WORK TO BE COMPLETED >> Among the lines of the listing below, retype exactly those from the one containing "Description: CYBERTRONIC Labs" through the one containing "Hawaiian shirt and", both included. Do not include pictures.

SUPPLIED INFORMATION below:

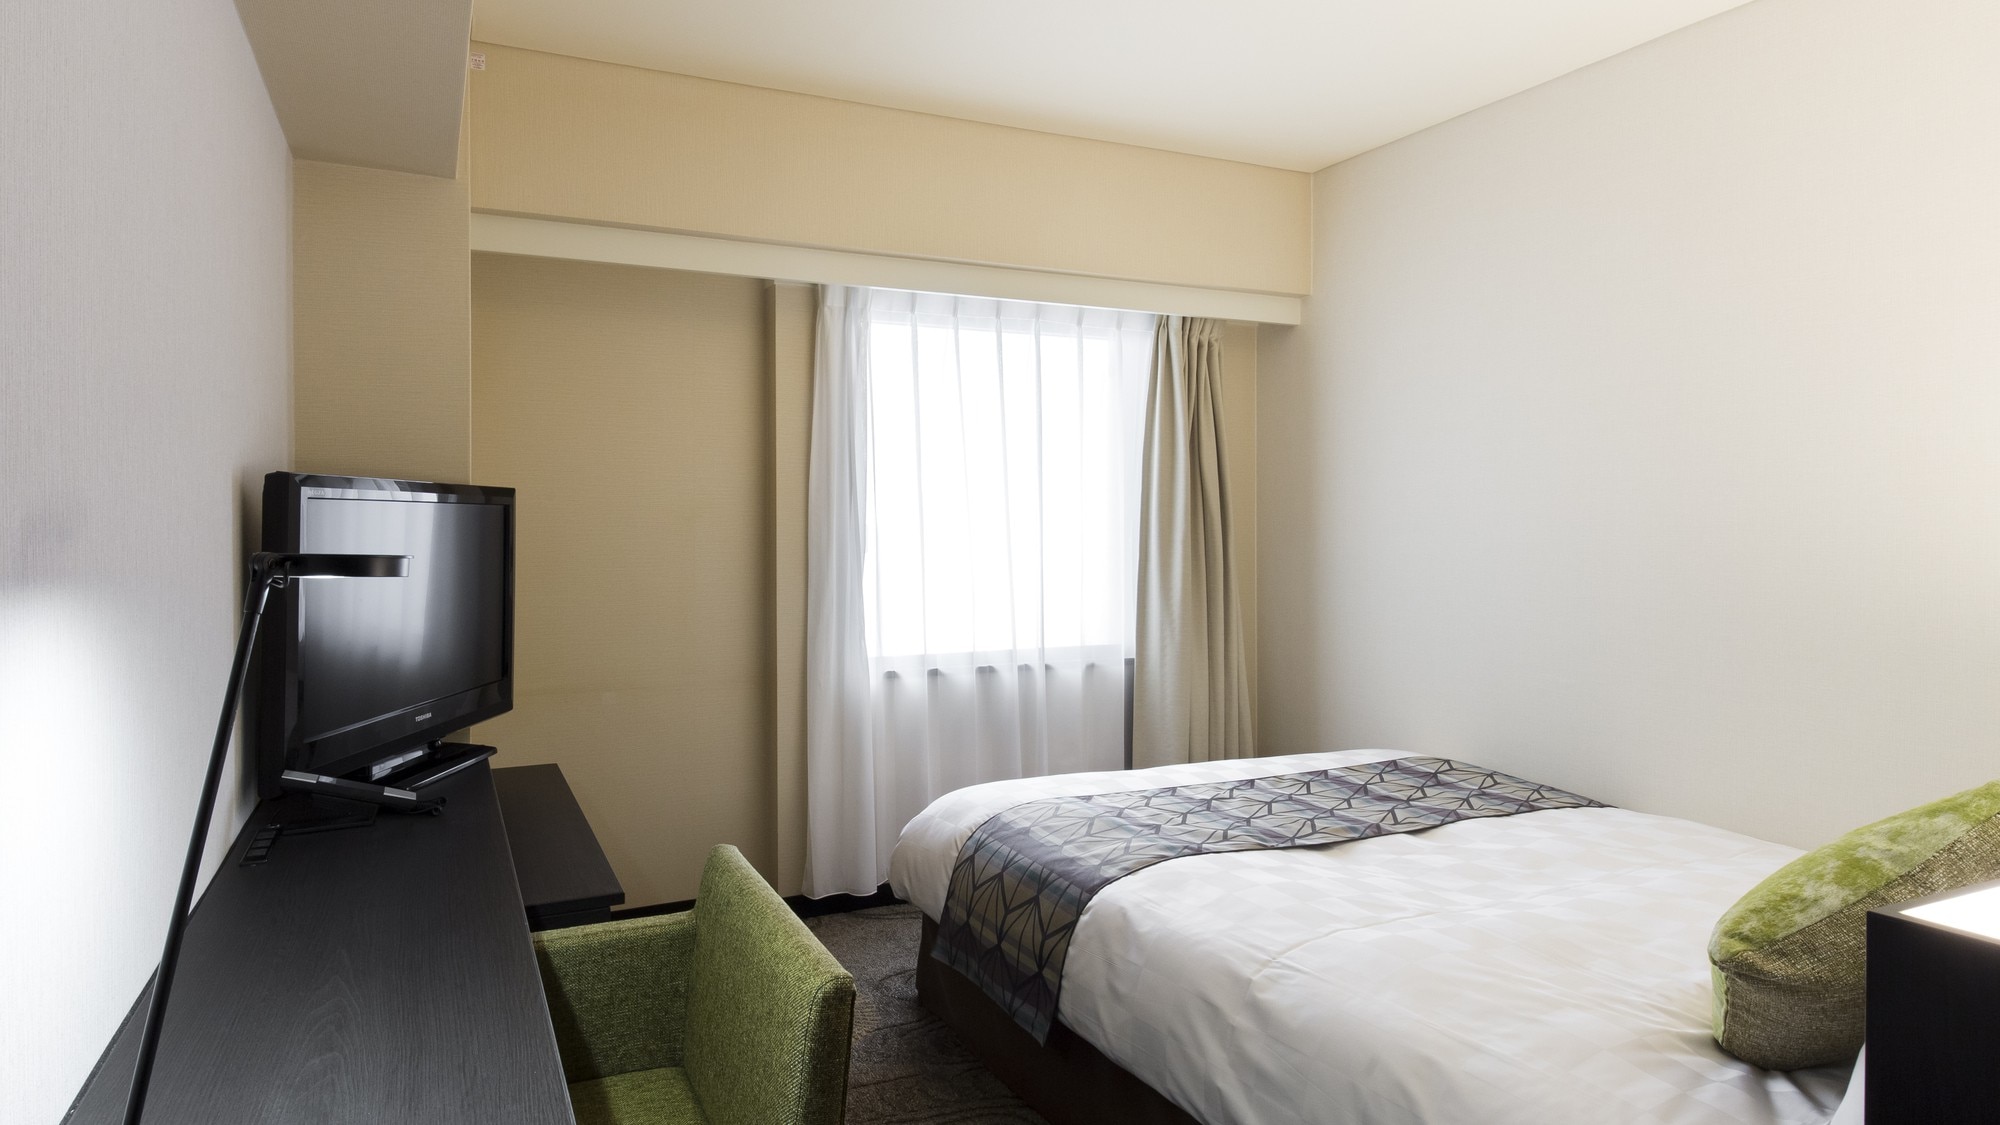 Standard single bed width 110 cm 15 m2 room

End of SUPPLIED INFORMATION.
SUPPLIED INFORMATION below:

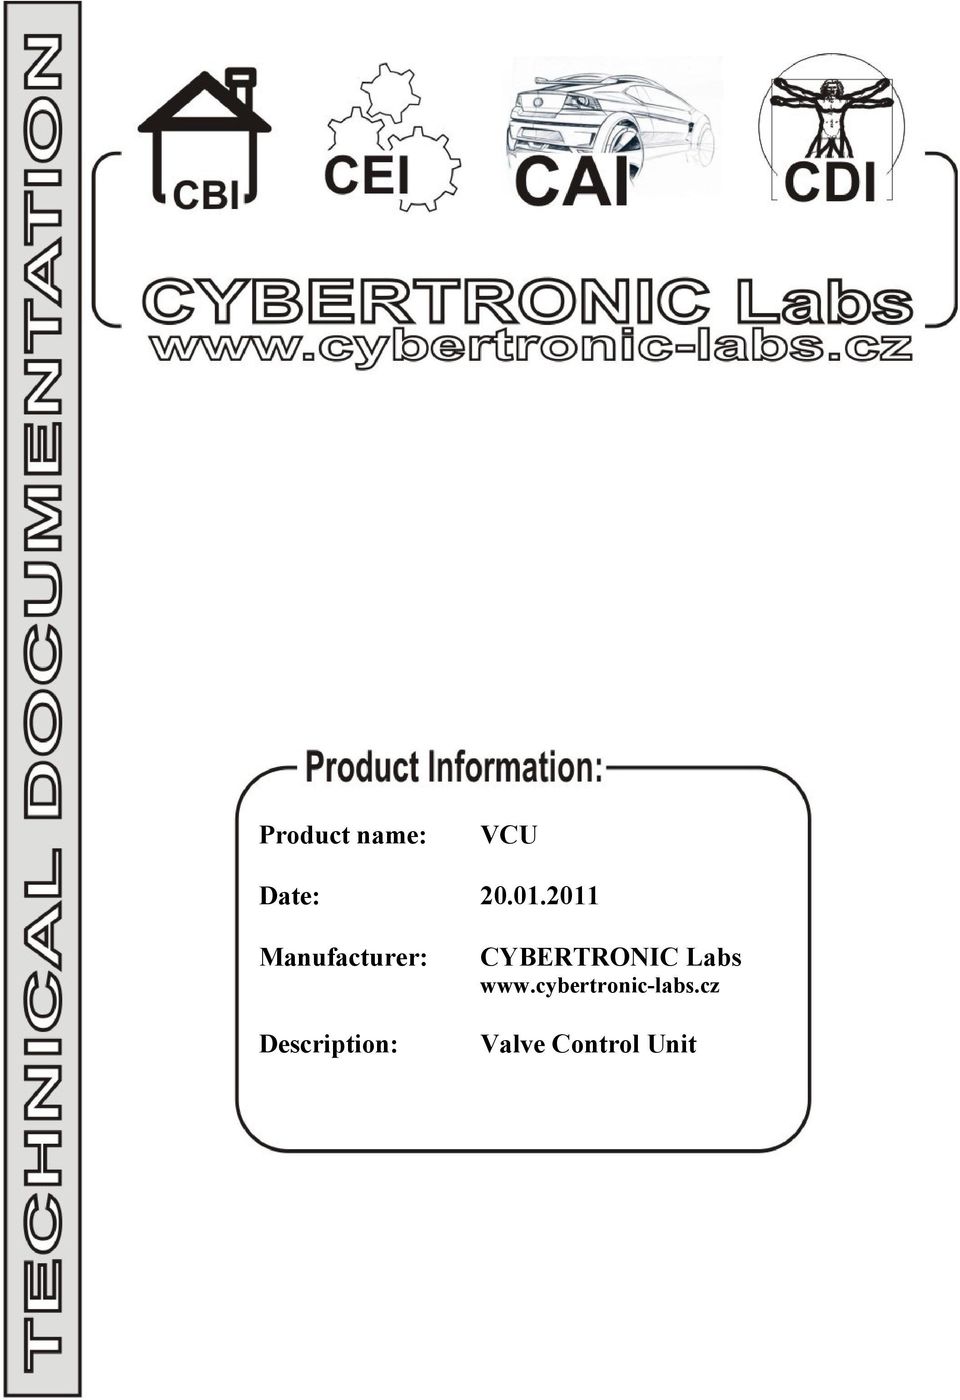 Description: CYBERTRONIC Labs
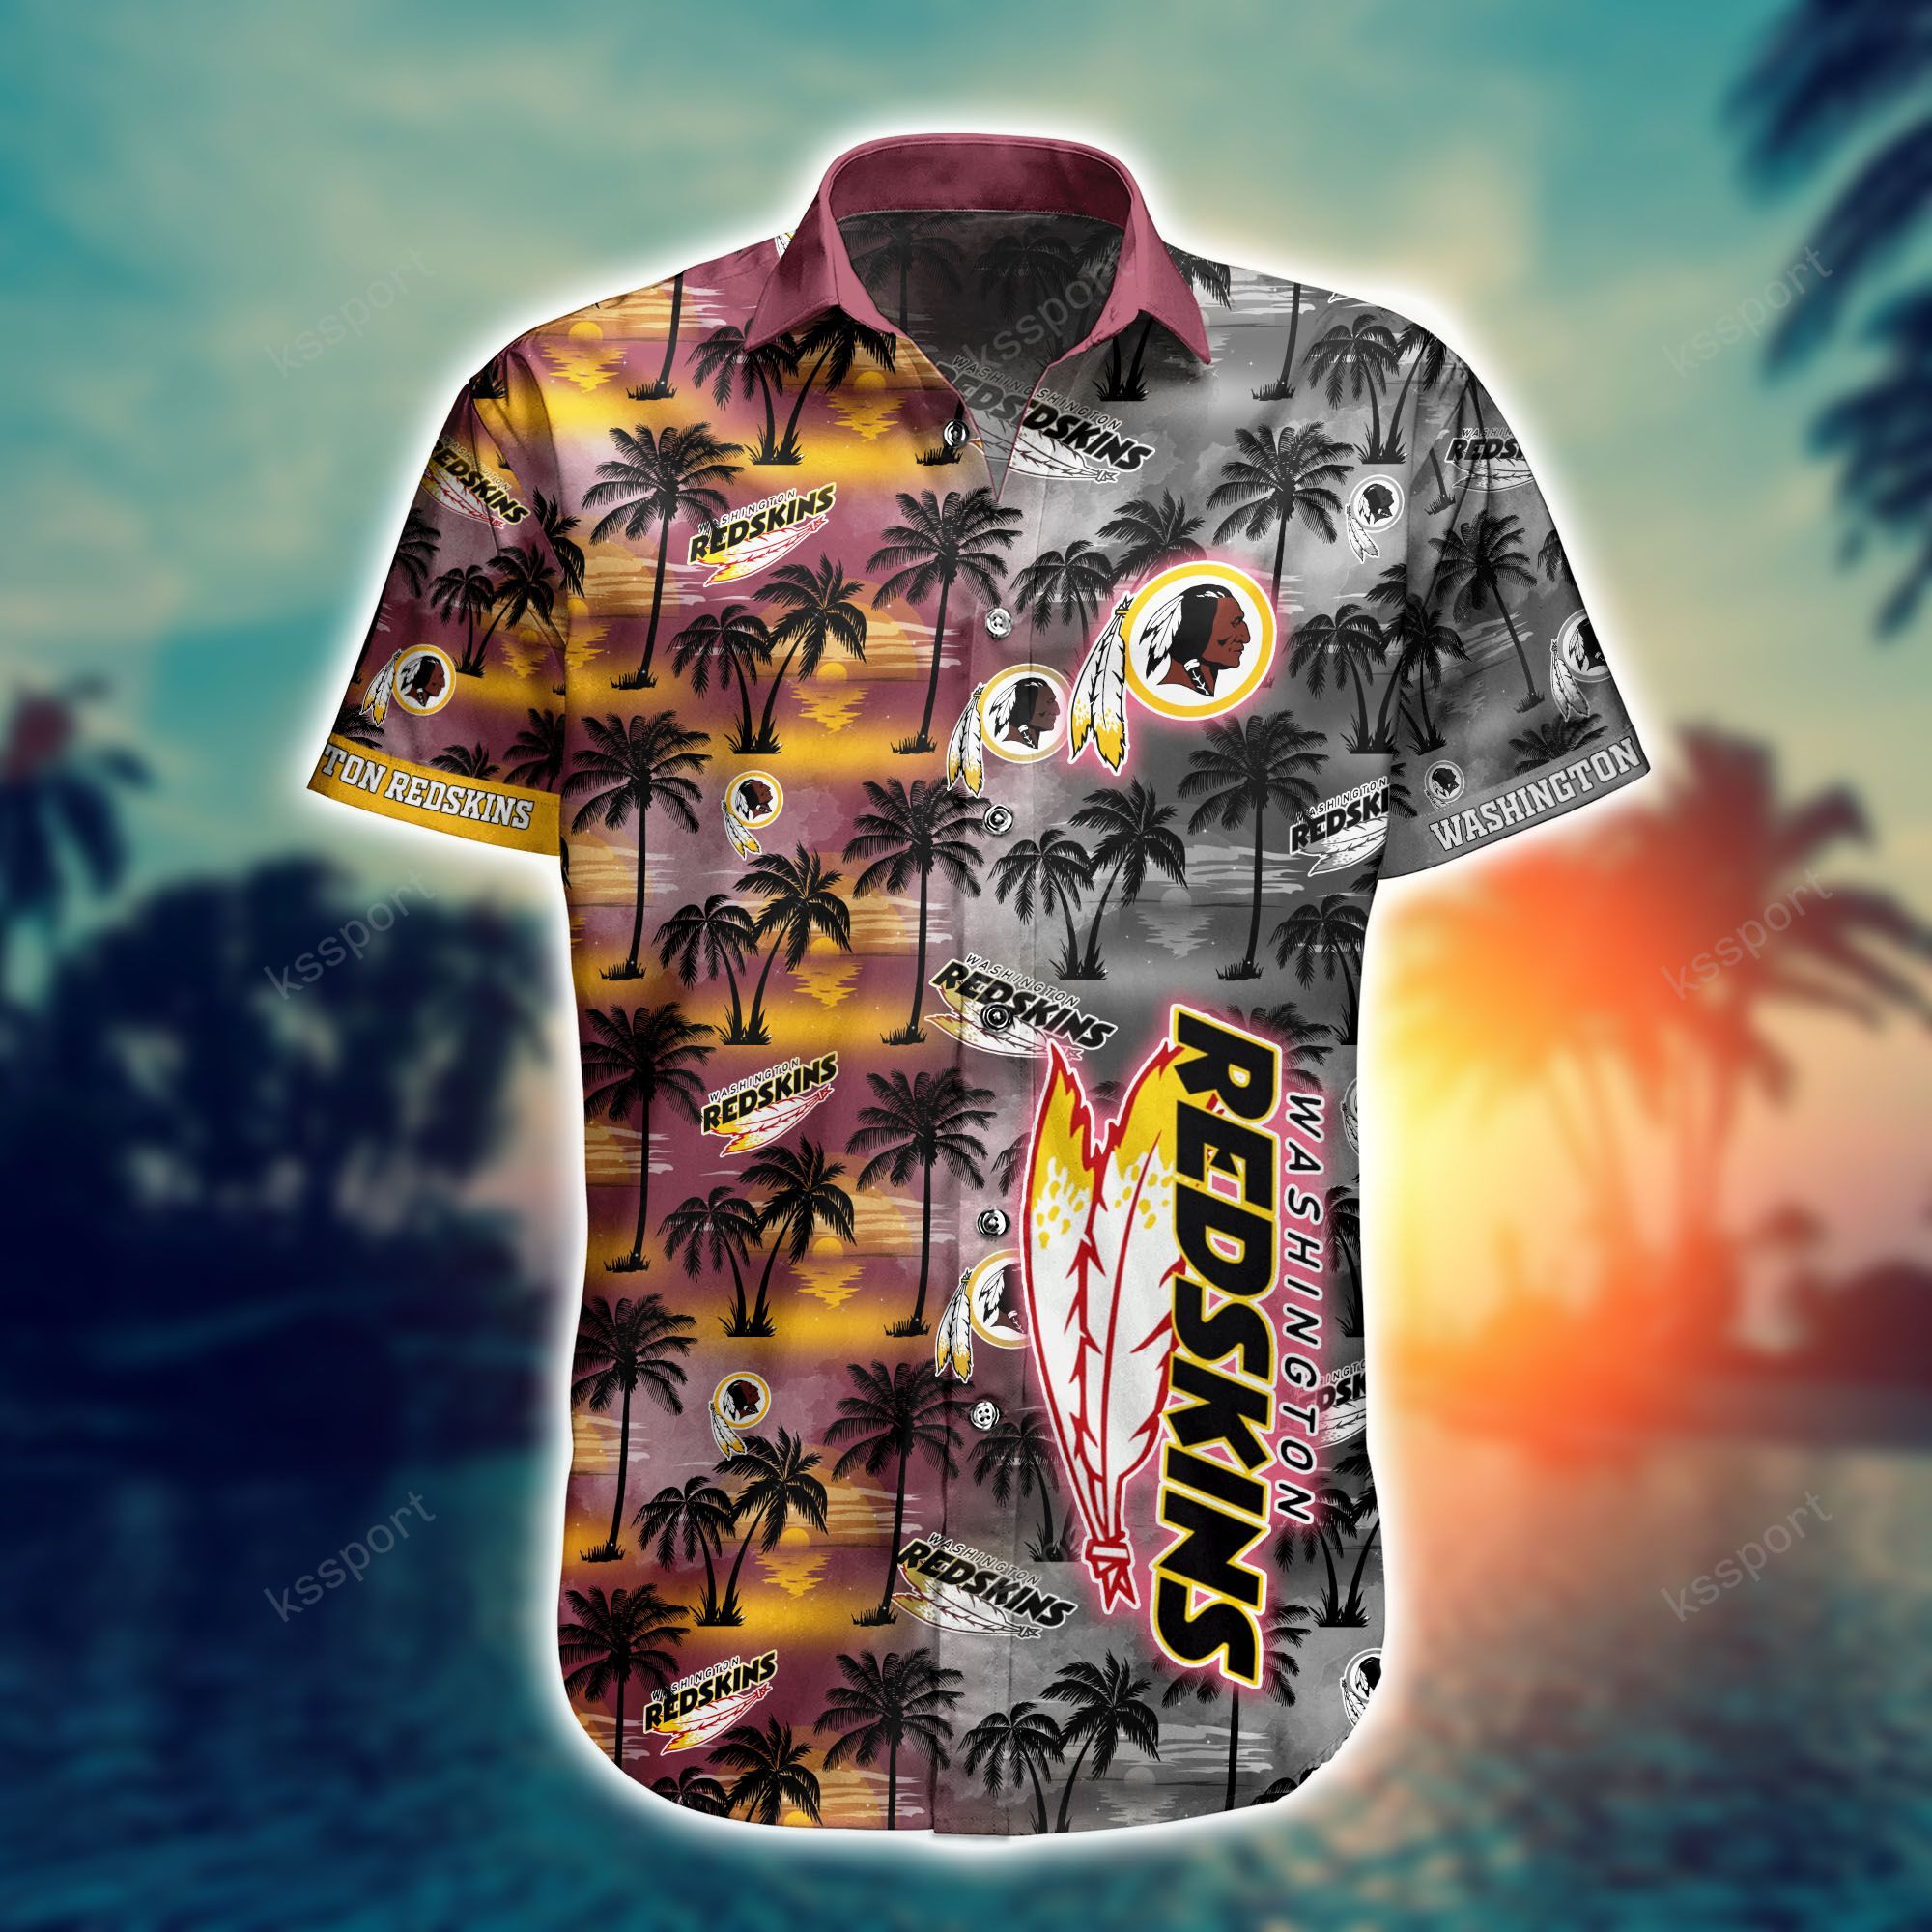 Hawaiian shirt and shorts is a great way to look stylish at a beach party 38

End of SUPPLIED INFORMATION.
SUPPLIED INFORMATION below:

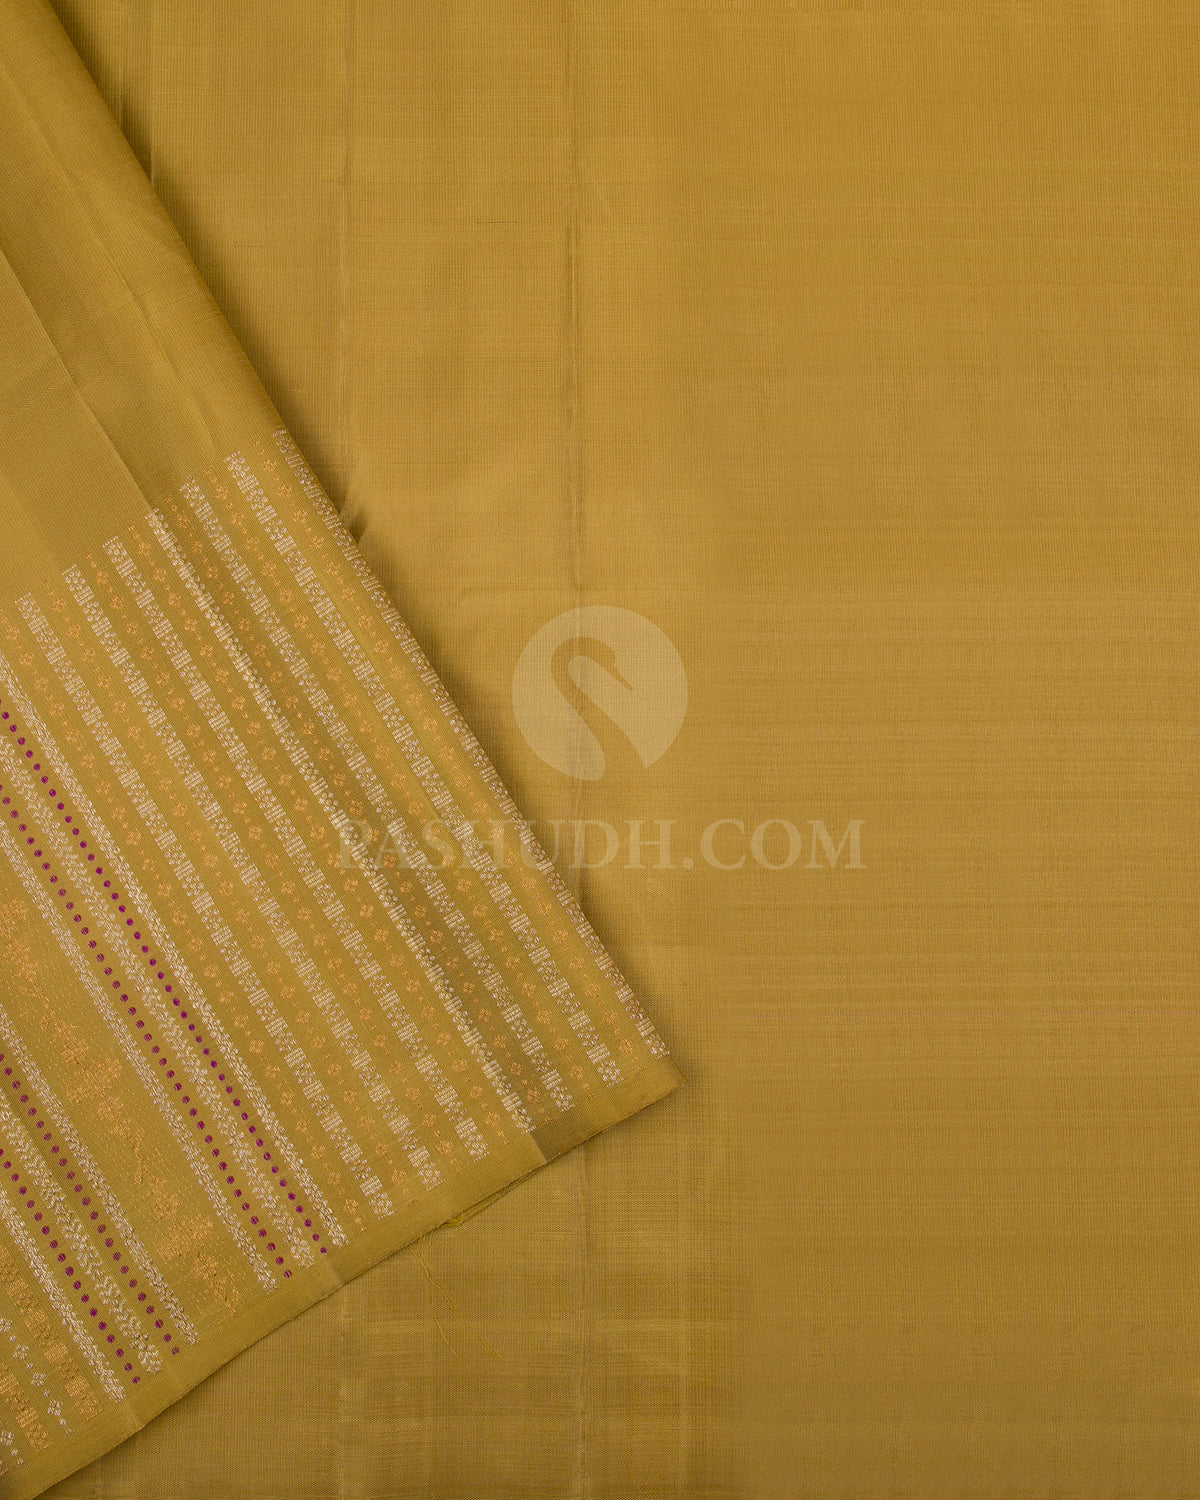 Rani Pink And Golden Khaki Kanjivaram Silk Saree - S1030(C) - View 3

End of SUPPLIED INFORMATION.

OUTPUT FOR THIS EXERCISE >>
 Description: CYBERTRONIC Labs
 Hawaiian shirt and shorts is a great way to look stylish at a beach party 38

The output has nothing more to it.